Segment Start: DATASET SECTION
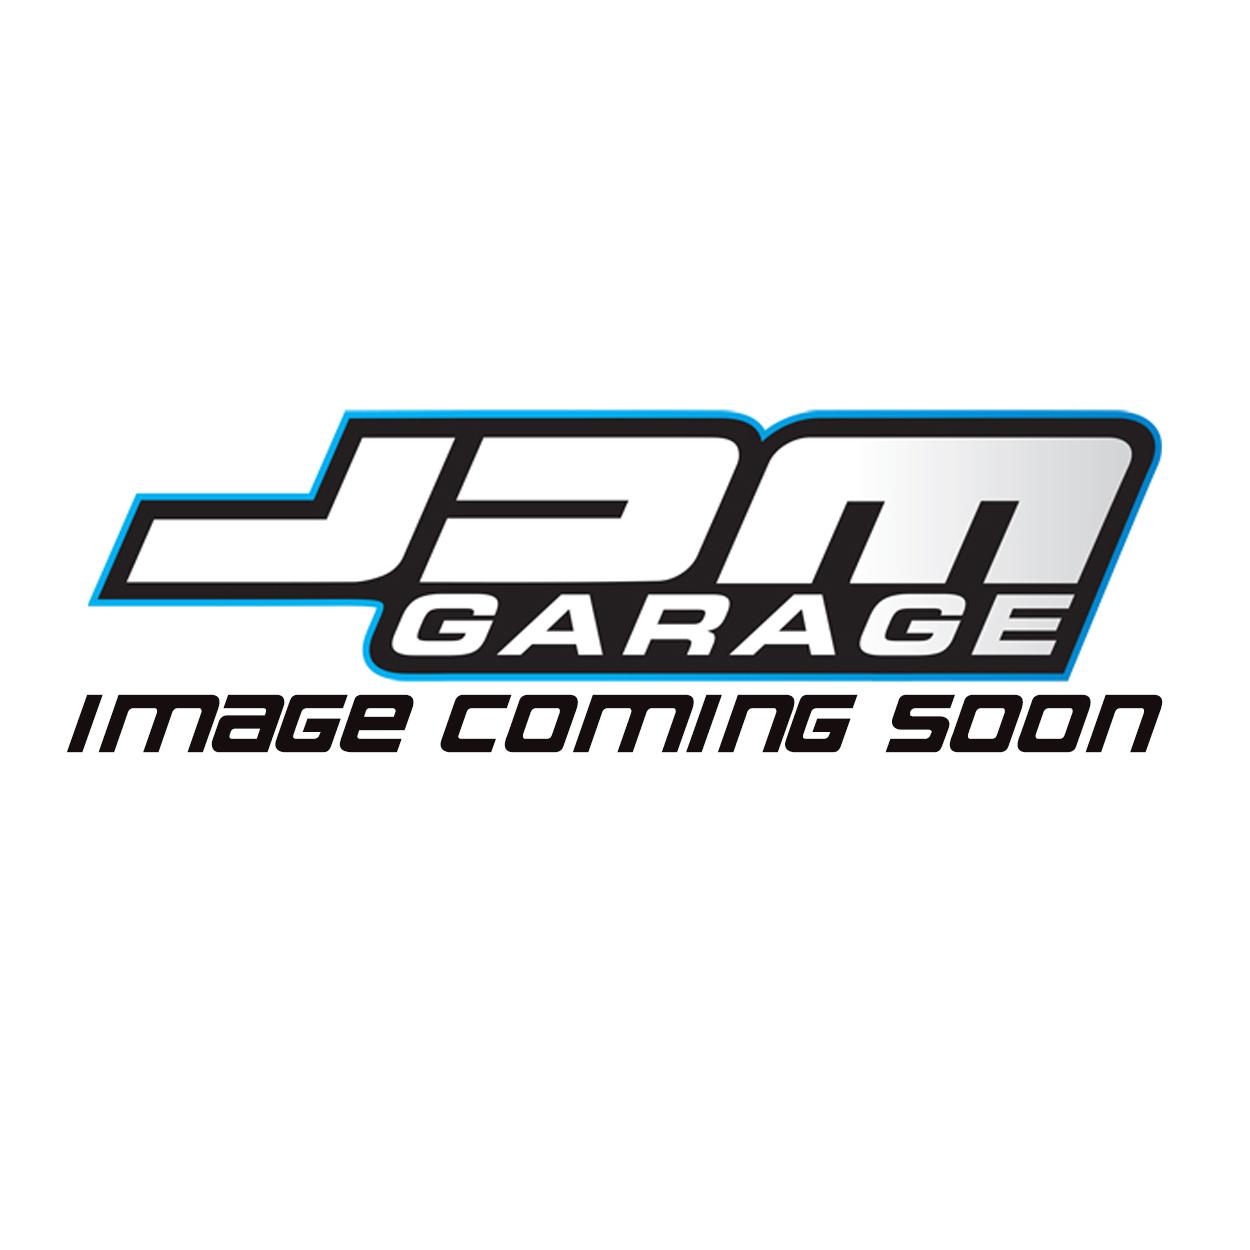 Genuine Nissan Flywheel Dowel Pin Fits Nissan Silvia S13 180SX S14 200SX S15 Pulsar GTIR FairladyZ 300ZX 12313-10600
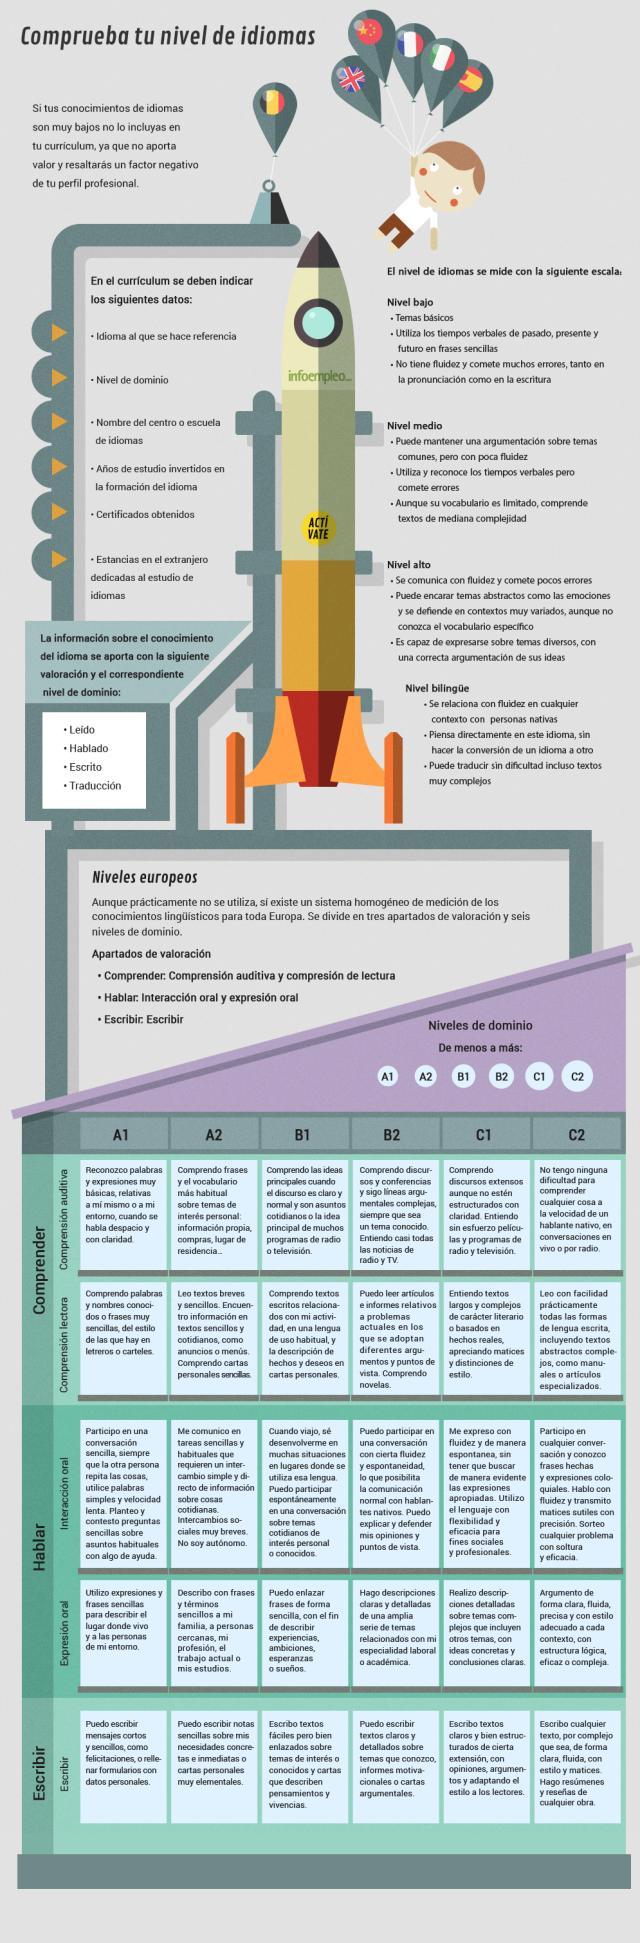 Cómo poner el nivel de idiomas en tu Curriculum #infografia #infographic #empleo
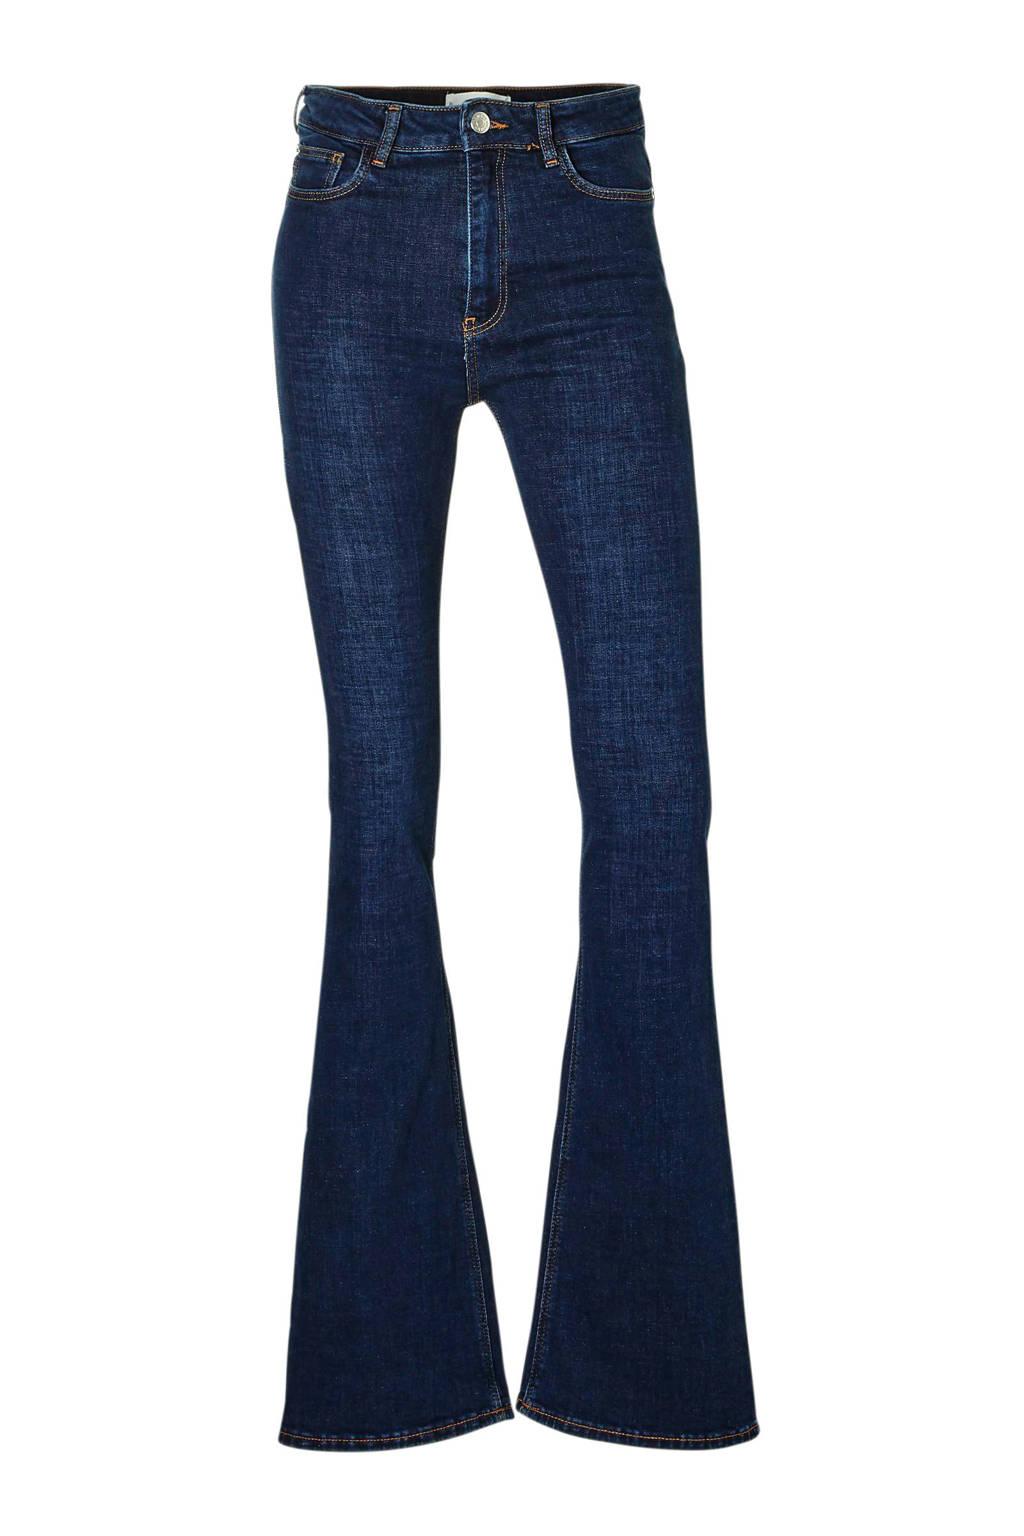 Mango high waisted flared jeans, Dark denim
Segment End: DATASET SECTION
Please repeat the listing above word for word, with the pictures removed.

SOLUTION FOR THIS TASK:
 Genuine Nissan Flywheel Dowel Pin Fits Nissan Silvia S13 180SX S14 200SX S15 Pulsar GTIR FairladyZ 300ZX 12313-10600
 Cómo poner el nivel de idiomas en tu Curriculum #infografia #infographic #empleo
 Mango high waisted flared jeans, Dark denim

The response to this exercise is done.